28. These principles have been consistently upheld by this Court in Seth Chand Ratan v Pandit Durga Prasad, (2003) 5 SCC 399, Babubhai Muljibhai Patel v Nandlal Khodidas Barot, (1974) 2 SCC 706, and Rajasthan SEB v. Union of India, (2008) 5 SCC 632, among other decisions.
(Extracted from STPL, paragraphs may not match with AIR citation.)
10. In response to the show-cause notice received by the petitioner no. 1, they had submitted their reply. On a perusal of the impugned order-in-original, it cannot be said that the points urged by the petitioners in their reply were not considered. The respondent no. 2, inter alia, had dealt with the issue of limitation; discussed the effect of non-disclosure of correct taxable value of return and that in return the petitioners had declared values pertaining to their service tax liability on reverse charge basis only; gave its justification why the petitioners were liable to pay service tax despite the two exemption notifications referred to by the petitioners. Moreover, although the respondent no. 2 took note of the copies of audited financial statement for financial year 2016-17 and ST-3 return filed for the period of April, 2016 to September, 2016 and October, 2016 to March, 2017 it was also observed to the effect that the petitioners had not responded to the communications made before issuing the show-cause notice to ascertain their tax liability. Accordingly, it was held that failure to disclose position in conformity with the position in balance sheet amounted to suppression of correct taxable value and accordingly, the tax liability was confirmed as already indicated herein before.
11. Thus, in the opinion of the Court, all the points urged by the learned counsel for the petitioners before us has been dealt with by the respondent no.2 in the impugned order. Therefore, in the considered opinion of the Court, the impugned order-in-appeal may be erroneous, but it cannot be said that the order was wholly without jurisdiction. It is not in dispute that opportunity of personal hearing was given by the respondent no. 2. The writ petition is not for enforcement of fundamental rights or to challenge the vires of any statute. Therefore, under the parameters set out by the Supreme Court in the case of Whirlpool Corporation (supra), this writ petition to assail the impugned order- in-original no. 63/Pr.Commr./ST/GHY/2022-23 dated 12.2002, passed by the Principal Commissioner, GST and Central Excise Commissionerate, Guwahati (respondent no. 2) would be hit by the alternative and efficacious remedy available to the petitioners to prefer an appeal before the appellate authority competent to deal with the issues raised in this writ petition.

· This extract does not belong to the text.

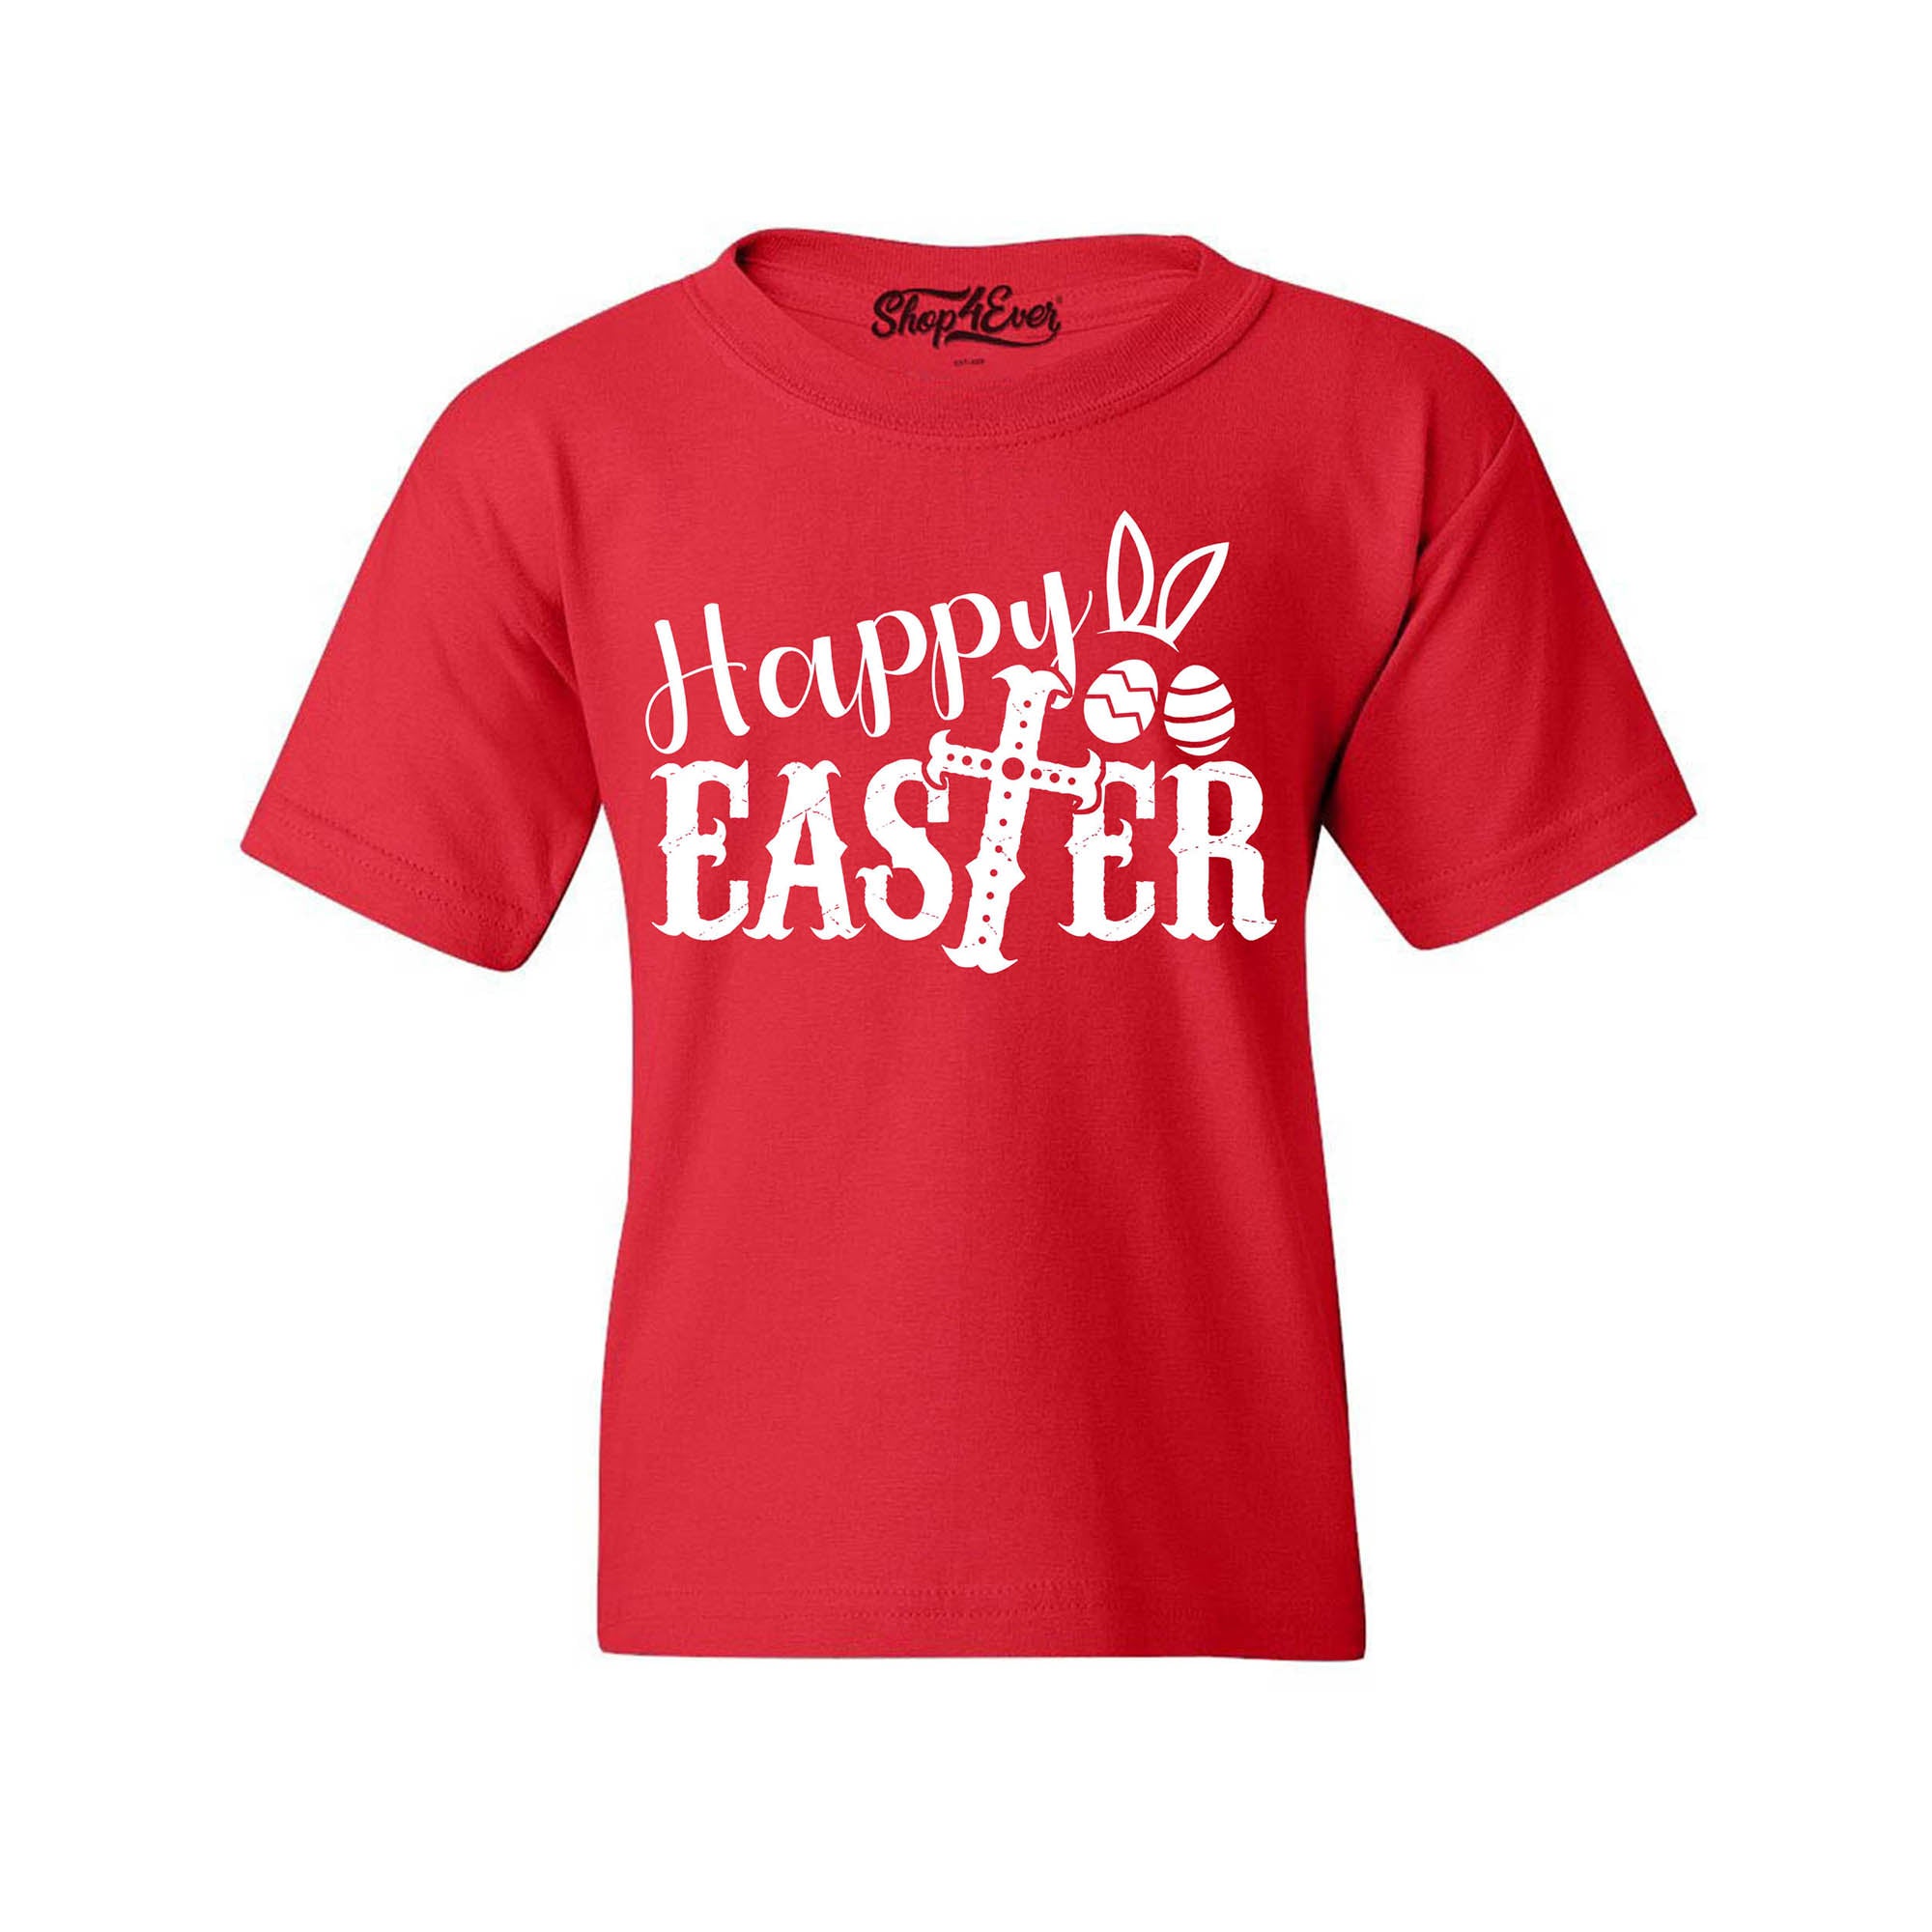 Happy Easter with Cross Youth's T-Shirt Spring Child Kids Tee

12. Therefore, under the unique facts of this case, the Court is inclined to restrain itself from entertaining this writ petition in view of alternative and efficacious remedy available to the petitioners under the Goods and Services Tax Act, 2017 before the Customs, Central Excise and Service Tax Appellate Tribunal, East Regional Bench, Kolkata. It has not been disputed that the said appellate tribunal is not functional.
13. Therefore, this writ petition is dismissed at the motion stage without issuing notice to the respondents.
14. The Court is inclined to provide that this writ petition was filed on 16.05.2023 and therefore, the period from 16.05.2023 (date of filing) till 05.2023 (the date of this order), shall be considered to be the period when the petitioners were bona fide pursuing their remedy before this Court, i.e. a wrong forum.
15. There shall be no order as to cost.